O momento era propício, como se viu depois da morte do príncipe, no seu “A Chave de Salomão e outros escritos”, Gilberto Amado nos diz, “Alguns republicanos históricos , ainda que procurem dissimular seus verdadeiros sentimentos, estão apreensivos com a revogação do banimento da família imperial, a trasladação dos ossos de D. Pedro II, a vinda ao Brasil do Conde d`Eu e do príncipe herdeiro”.”É nas conversas sobretudo, que se podem sentir os sintomas de zelo que ferve nos seus corações de fiéis ao regime, diante do movimento sentimental que ora se opera no país, em honra do glorioso monarca e seus descendentes. Tremem eles, num mal contido vexame, pela sorte das instituições republicanas, receando que por uma dessas reviravoltas inesperadas, mas possíveis, venha o nosso povo tomar-se de um súbito entusiasmo pela monarquia”. Ruy Barbosa, a meu ver sarcástico, perguntava aos assustados republicanos, nesse momento, “Ora quem mais faz pelo regime atual entre nós? Os que o reputam consolidado, há muito? Ou os que o têm por tão destituído, até hoje, de solidez, segurança, estabilidade, que ainda olham com sobressalto a volta das cinzas imperiais e dos restos da antiga dinastia, extinto o imperador, entrada sobremaneira em anos para os encargos do trono a herdeira presuntiva, e recolhido ao túmulo do avô o único dos seus netos capaz do cetro, o espírito peregrino, em quem tanto se acumulavam talentos, virtudes e obras de primor?” (Obras completas, Discursos, Orações e Conferências. Vol.I Tomo I pag.231).

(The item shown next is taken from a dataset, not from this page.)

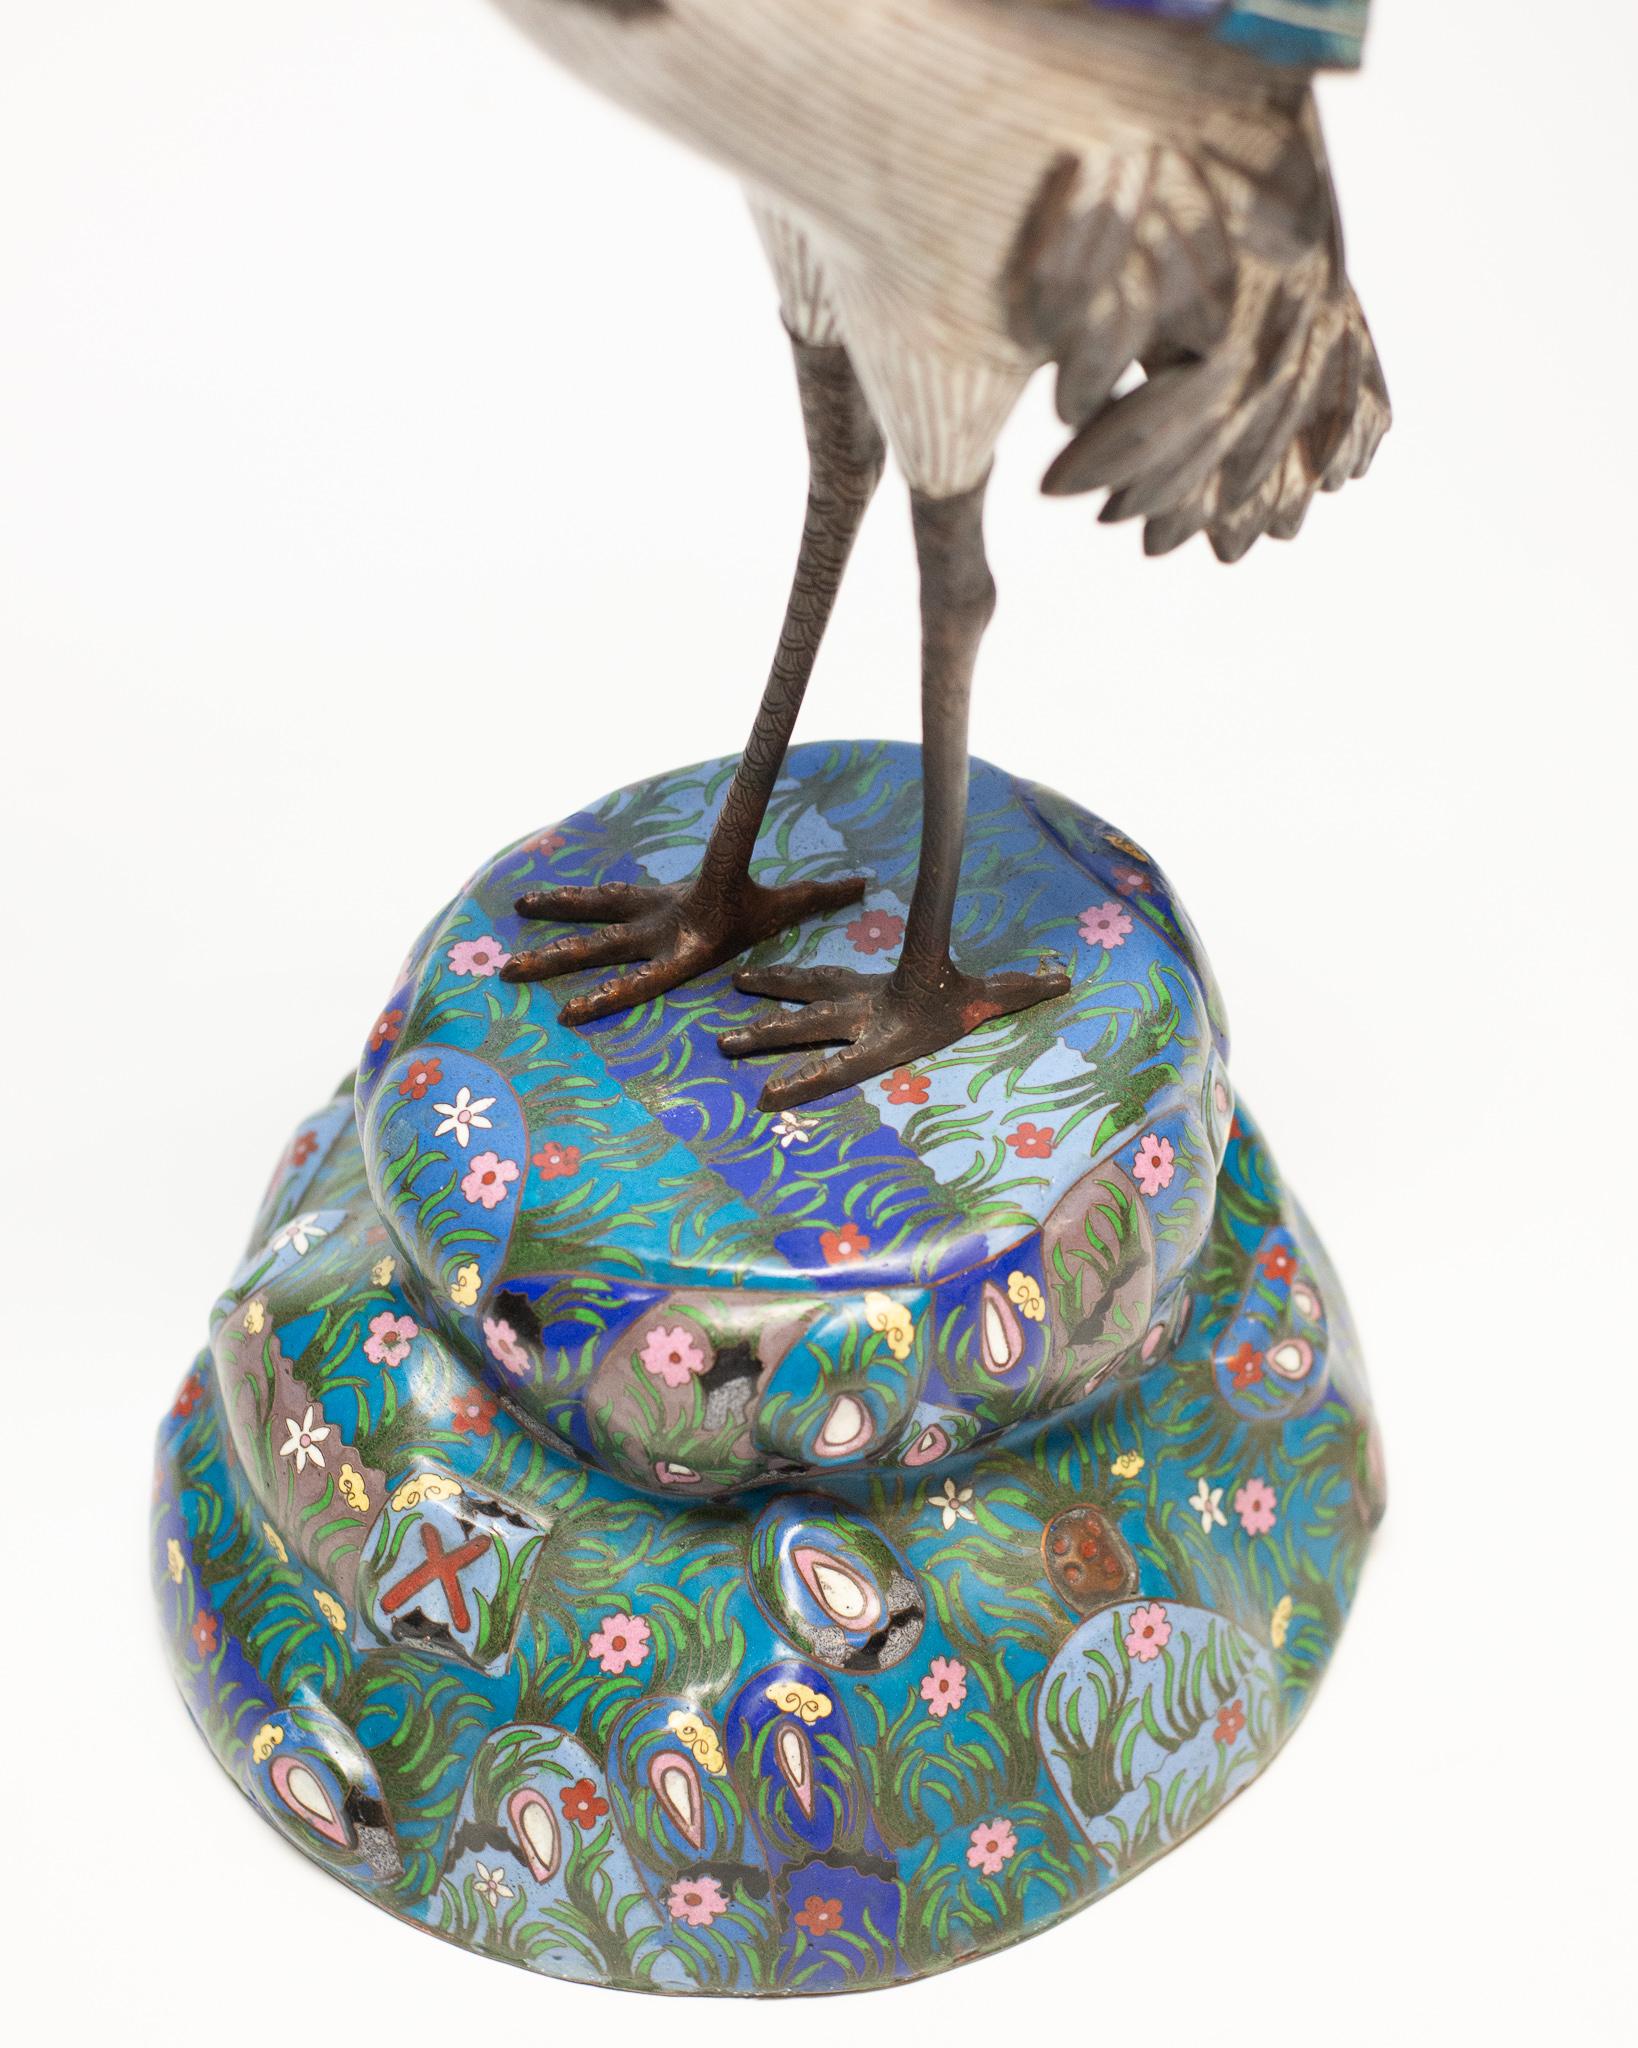 This fine pair of antique Cloisonné cranes would look equally good on a console or acrylic stand and would add presence to any room. Cloisonné, derived from the French word “enclosed” is an ancient technique of decorating metalwork objects. This

Enfim, o momento foi perdido com a falta do pretendente viável e apto; seu sucessor era ainda um menino, que seria criado sem a influência paterna, e embora tendo sido um príncipe de valor como o pai, não reproduziu a mesma estratégia paterna, que cremos é válida até para o momento atual do movimento monarquista, que inclusive já defendi em artigo nesse mesmo jornal dez anos atrás.

O autor é economista, artista plástico, pós-graduado em história, sócio correspondente do Instituto Histórico e Geográfico de Niterói e conselheiro-secretário do IDII.